2015: Flummoxed by the Paradoxical Commandments

new-year-resolutions

If you haven’t read Kent M. Keith’s The Paradoxical Commandments, it’s worth a few minutes of your time.  If you were looking for the origin of these commandments and the connection to Mother Theresa, look here: The Mother Theresa Connection.

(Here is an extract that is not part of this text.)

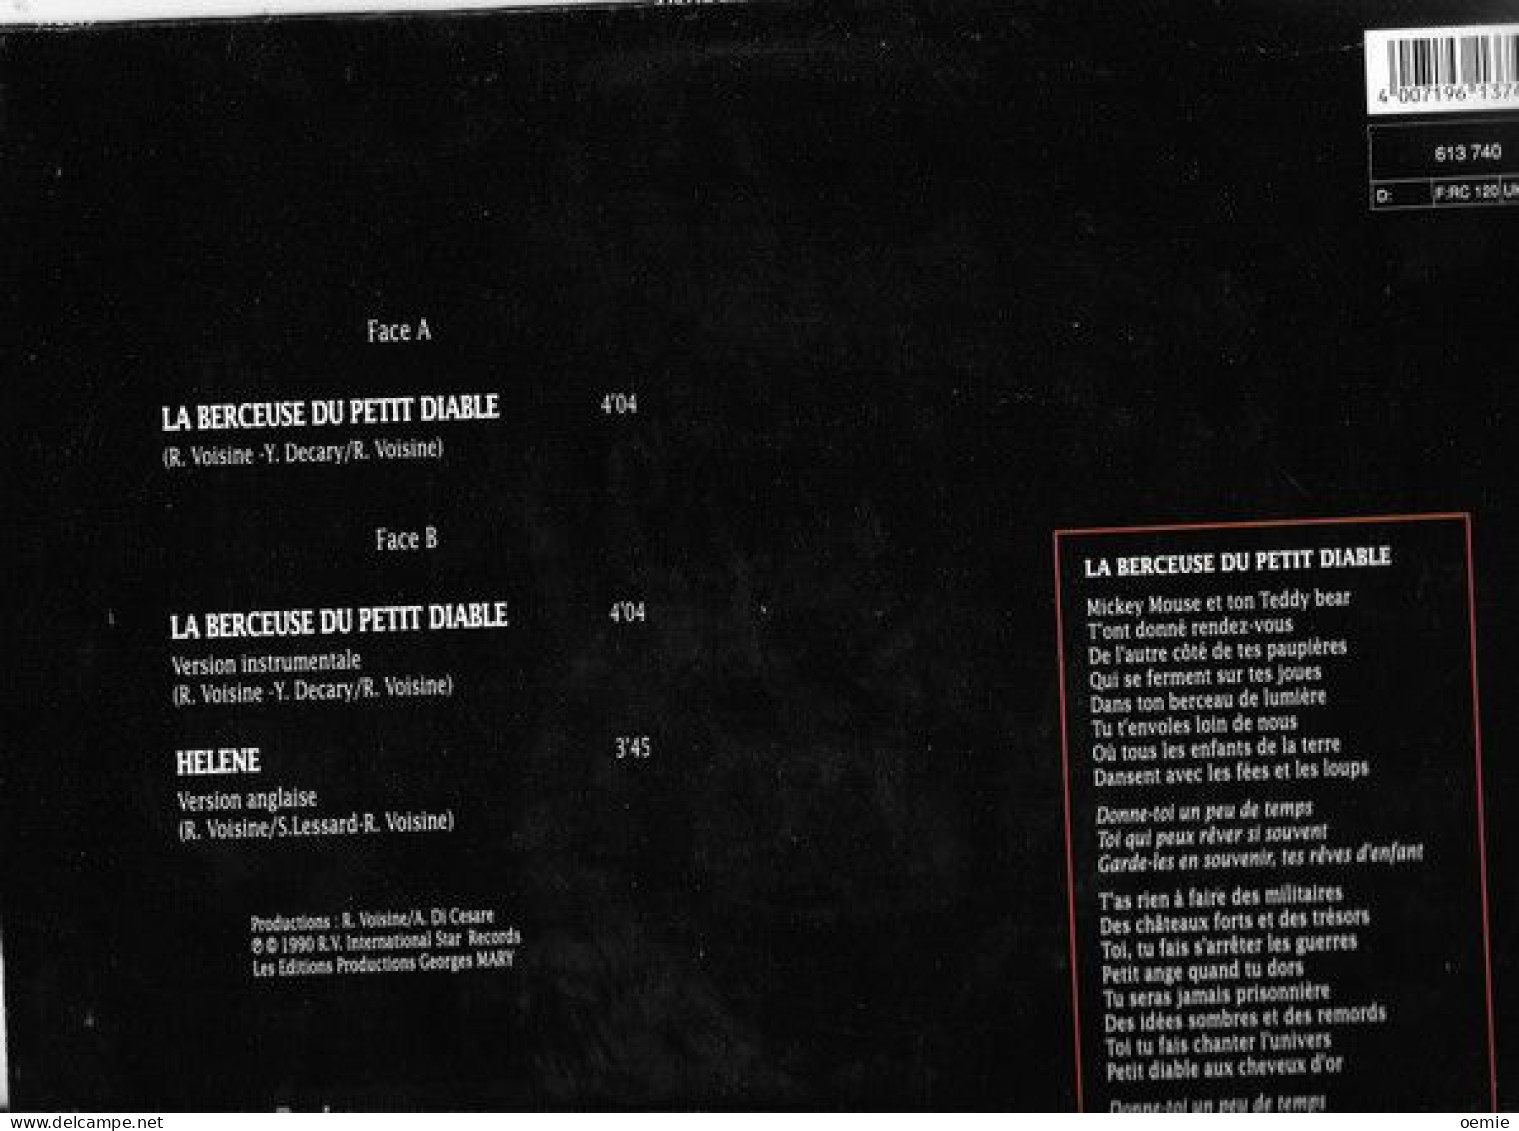 ROCH VOISINE ° LA BERCEUSE DU PETIT DIABLE - 45 Rpm - Maxi-Single

In my reflection of events in 2015, I do find the commandments paradoxical.  Let’s take a few highlights for a spin.

KMK:
People are illogical, unreasonable, and self-centered.
Love them anyway.

DK:   You are on a JetBlue flight. The woman sitting next to you in Coach removes her shoes, her stockings and then places her feet up on the seat in front of you. She wiggles her chubby toes to air out her dogs. (In case you were dying to know, she had a nice pedicure. The toenail polish was a pretty baby blue matching her fingernails. And there was no visible toe jam.)

KMK:
Give the world the best you have and you’ll get kicked in the teeth.
Give the world the best you have anyway.
KMK: Honesty and frankness make you vulnerable.
Be honest and frank anyway.

DK:

You come home from work, its late, it’s been a long (very) day. You are eating dinner, alone. Your head is down.  (Important to note: Head Down.)  Your spouse of 30+ years looks over from the couch, sees Gaps, and asks if you’ve considered Rogaine.  You lift your head, your mouth is full – you try to validate if you just heard what you think you heard.  You chew. You swallow, and then ask: “Excuse me.  I didn’t hear what you said.”  She repeats it crossing the “Red-Line” of no communication during the first 10 minutes of the King’s decompression zone. You reel from two scuds to the chest, elect to drop your head down with no response and finish your dinner. For the next 123 days, you start your day each morning staring at the mirror assessing the speed of the backward march of your hair line. [Read more…]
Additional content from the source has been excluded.